◆ **Data excerpt**
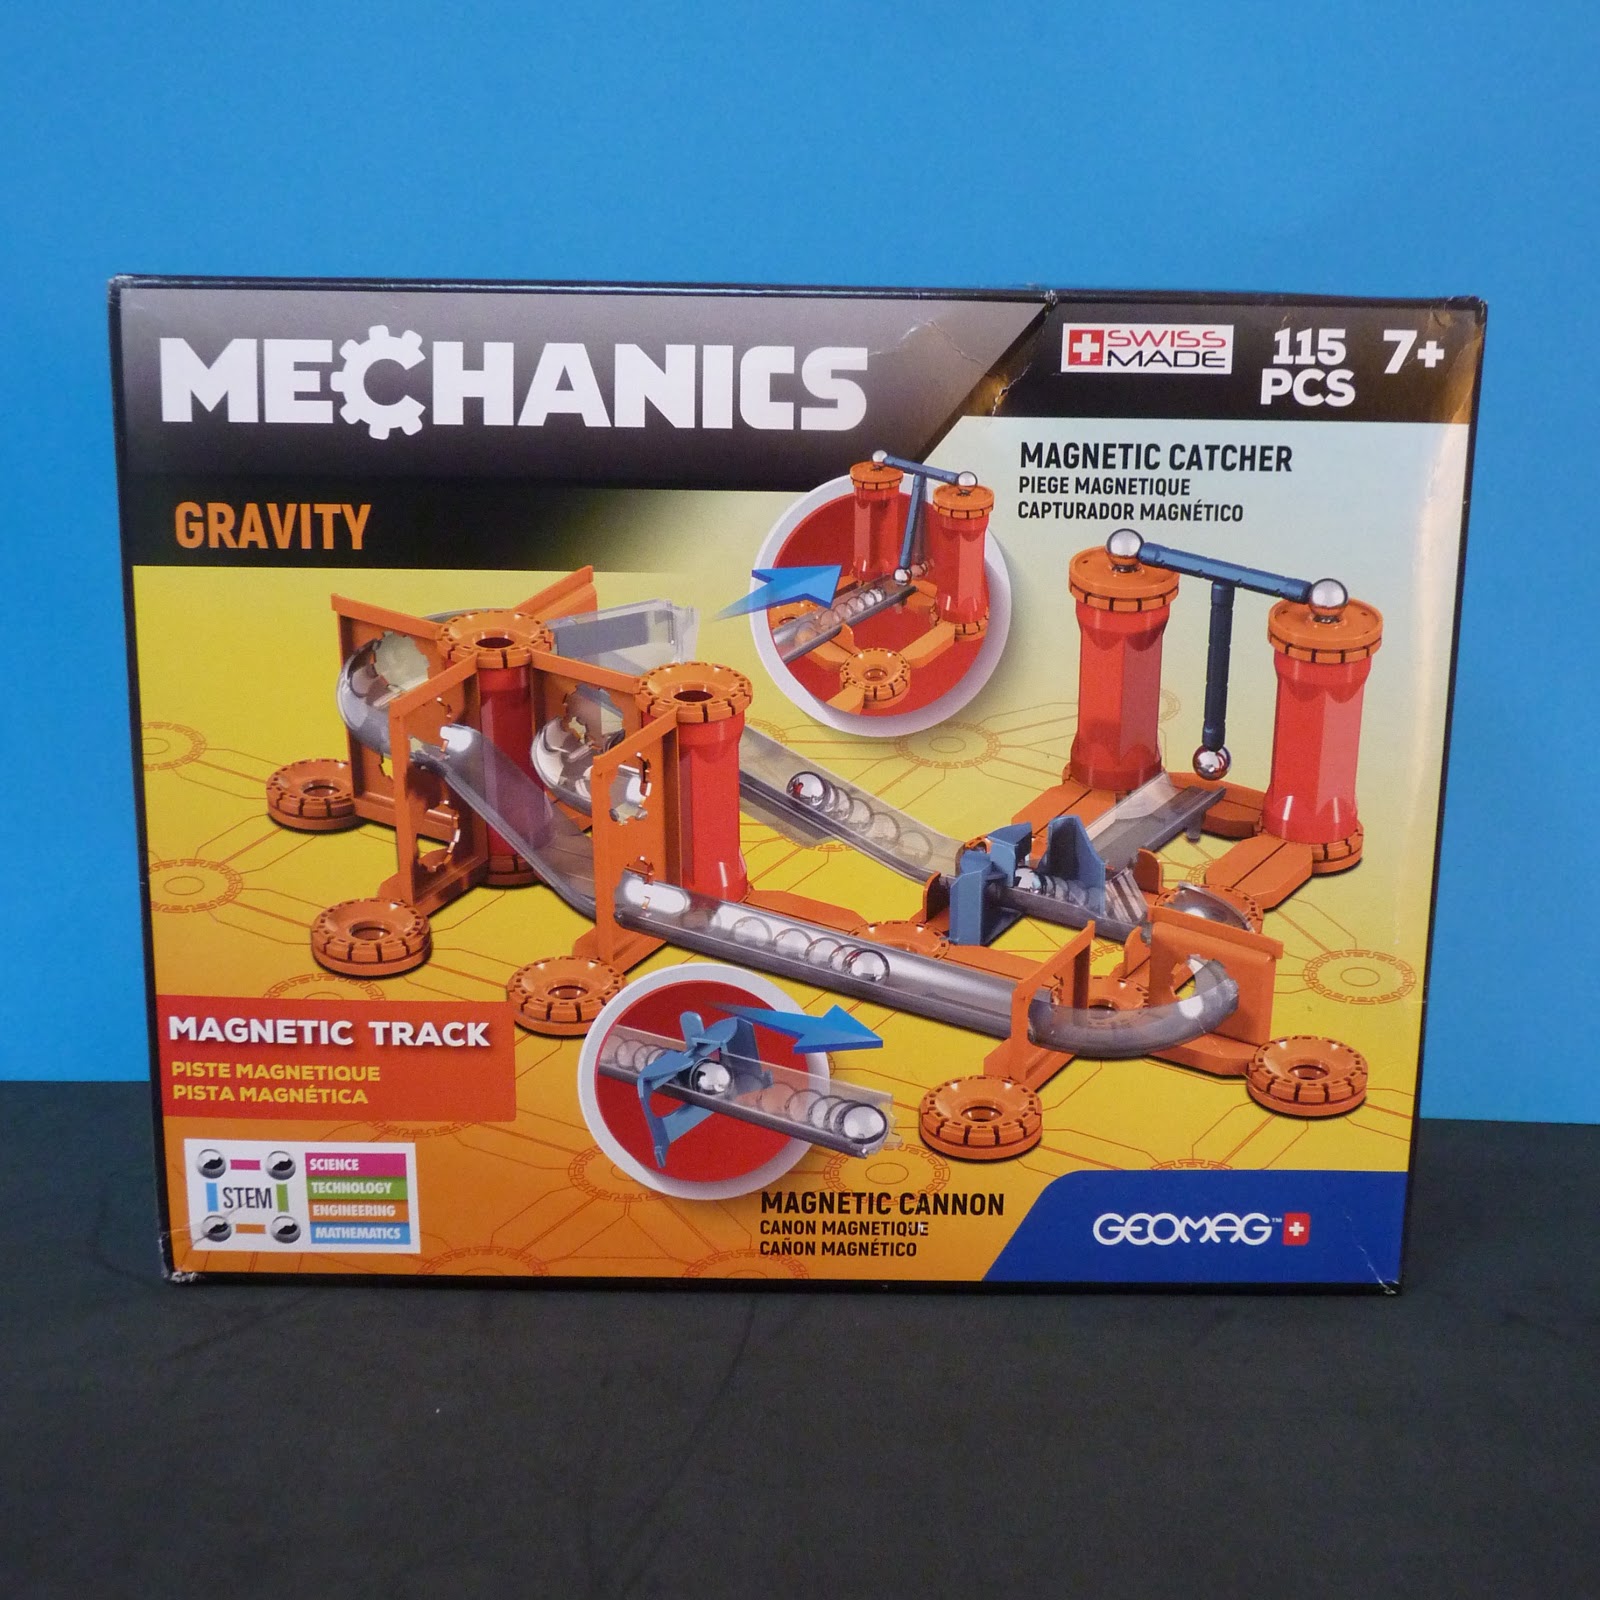 GMV00 Multicolore Gravity 67 pcs Jeux éducatifs Jouet pour Enfants dès 8 Ans Construction magnétique Geomag Mechanics
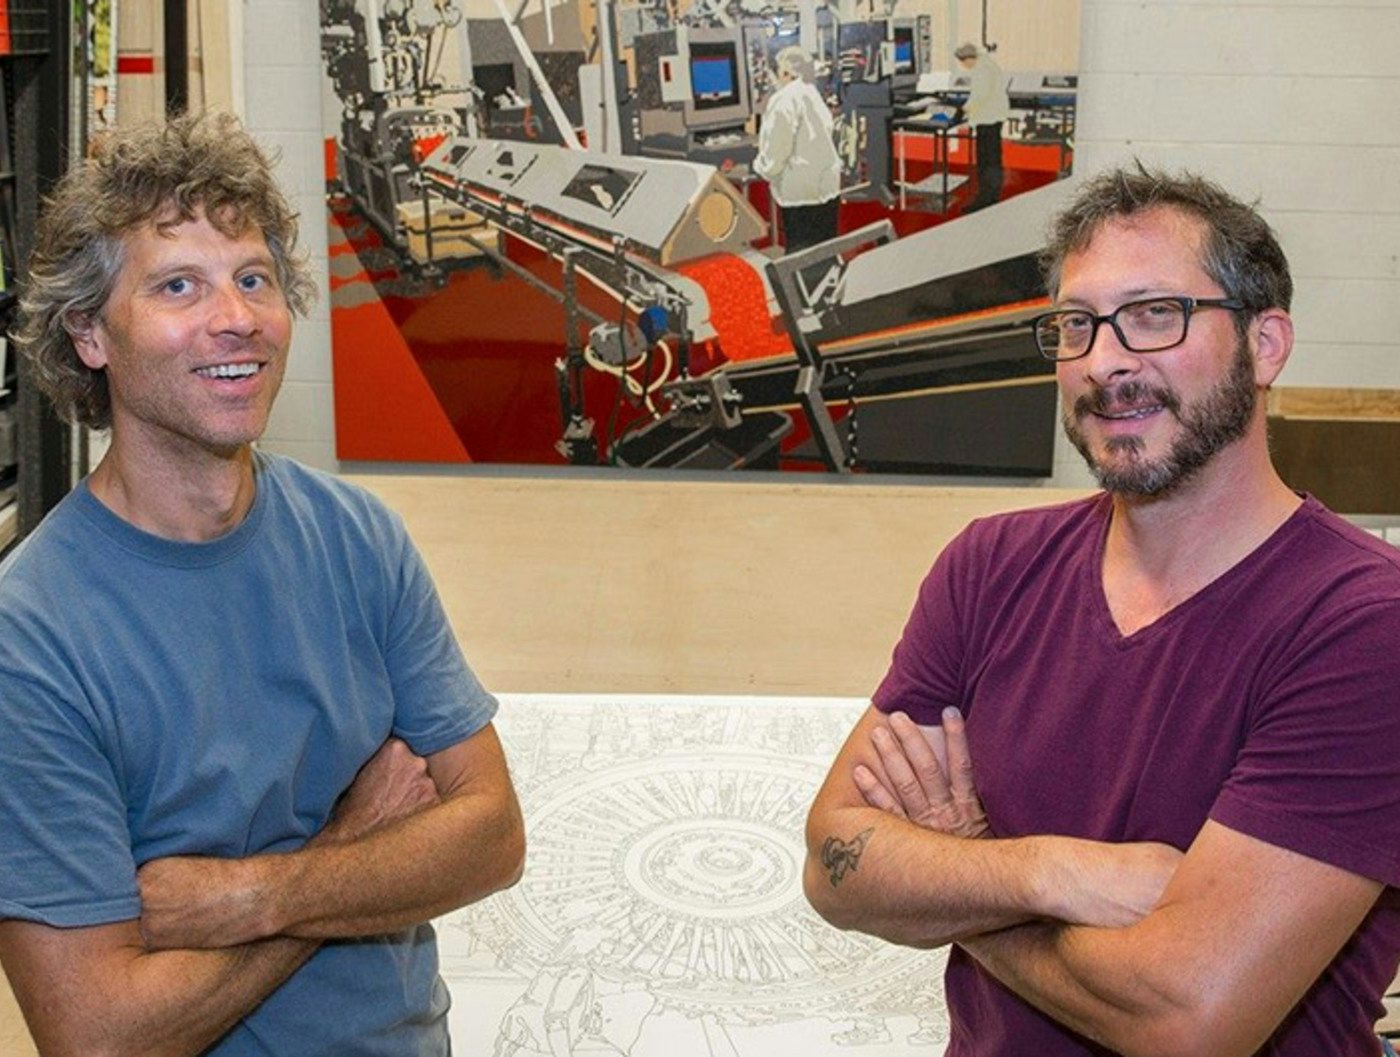 UnMuseum Opening of Working Surface: Curtis Goldstein + Matt Lynch
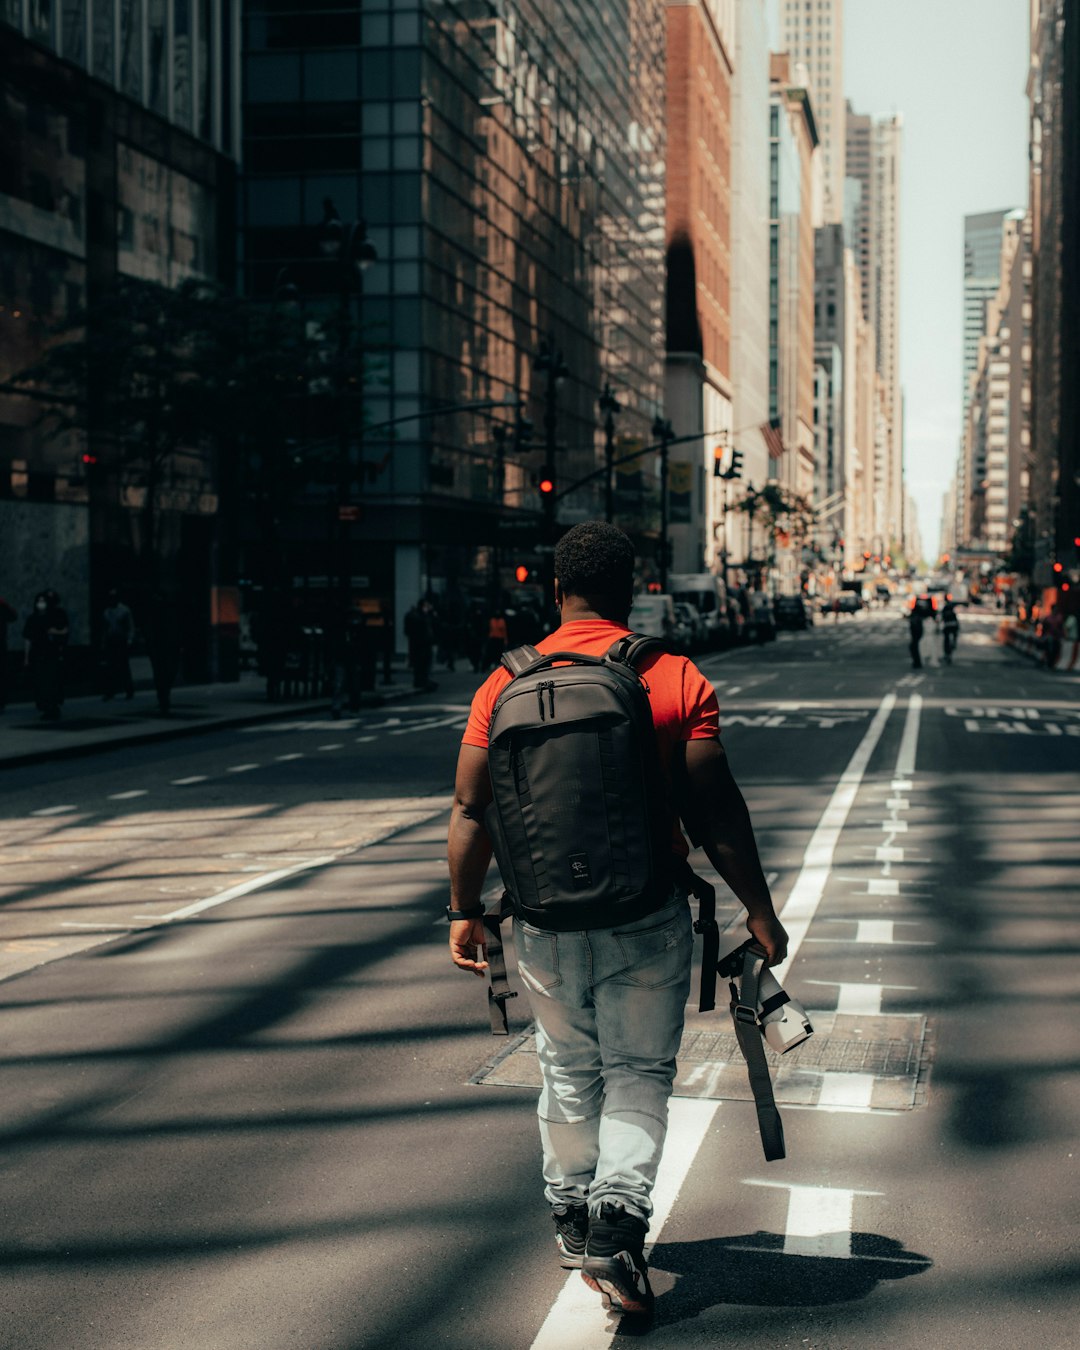 man in red backpack walking on pedestrian lane during daytime
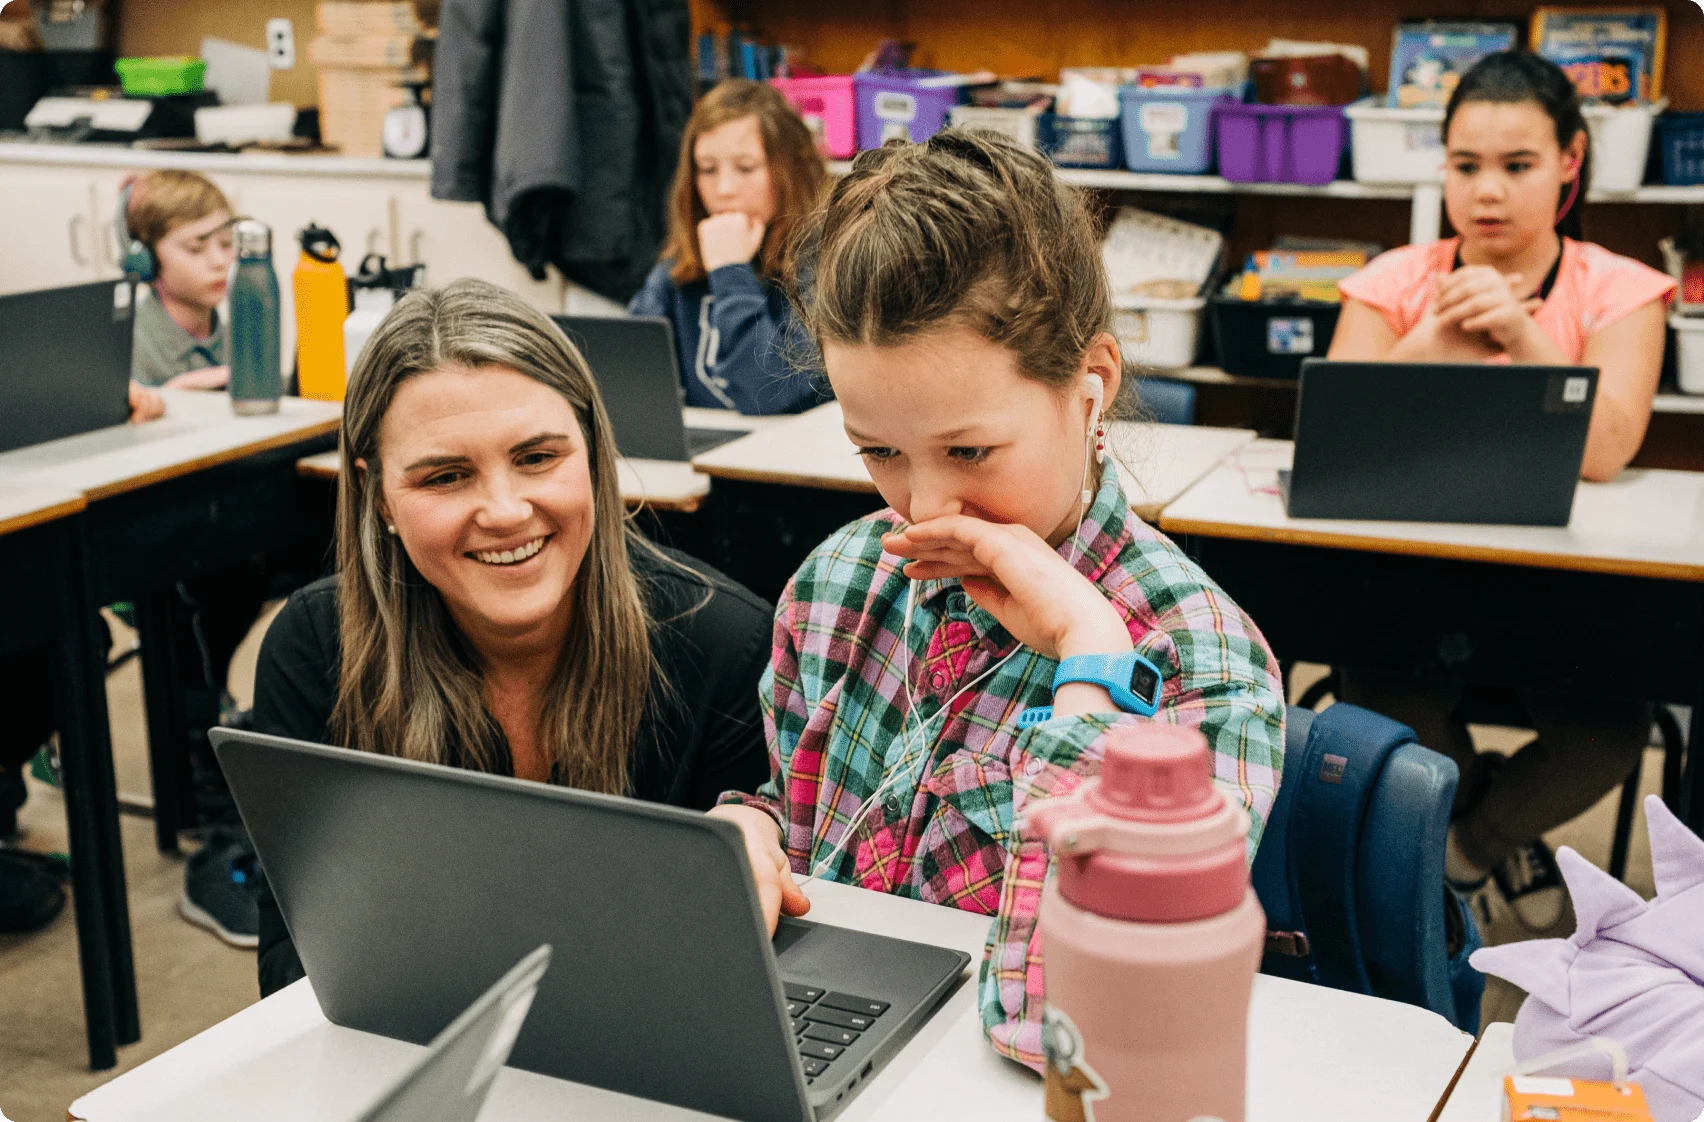 Julia Rivard Dexter, fondatrice de Shoelace, souriant à côté d’une élève jouant à un jeu sur son ordinateur portable.

◆ **Exercise goal**
Set down the material word for word, and drop every picture from it.

◆ **Response area**
 GMV00 Multicolore Gravity 67 pcs Jeux éducatifs Jouet pour Enfants dès 8 Ans Construction magnétique Geomag Mechanics
 UnMuseum Opening of Working Surface: Curtis Goldstein + Matt Lynch
 man in red backpack walking on pedestrian lane during daytime
 Julia Rivard Dexter, fondatrice de Shoelace, souriant à côté d’une élève jouant à un jeu sur son ordinateur portable.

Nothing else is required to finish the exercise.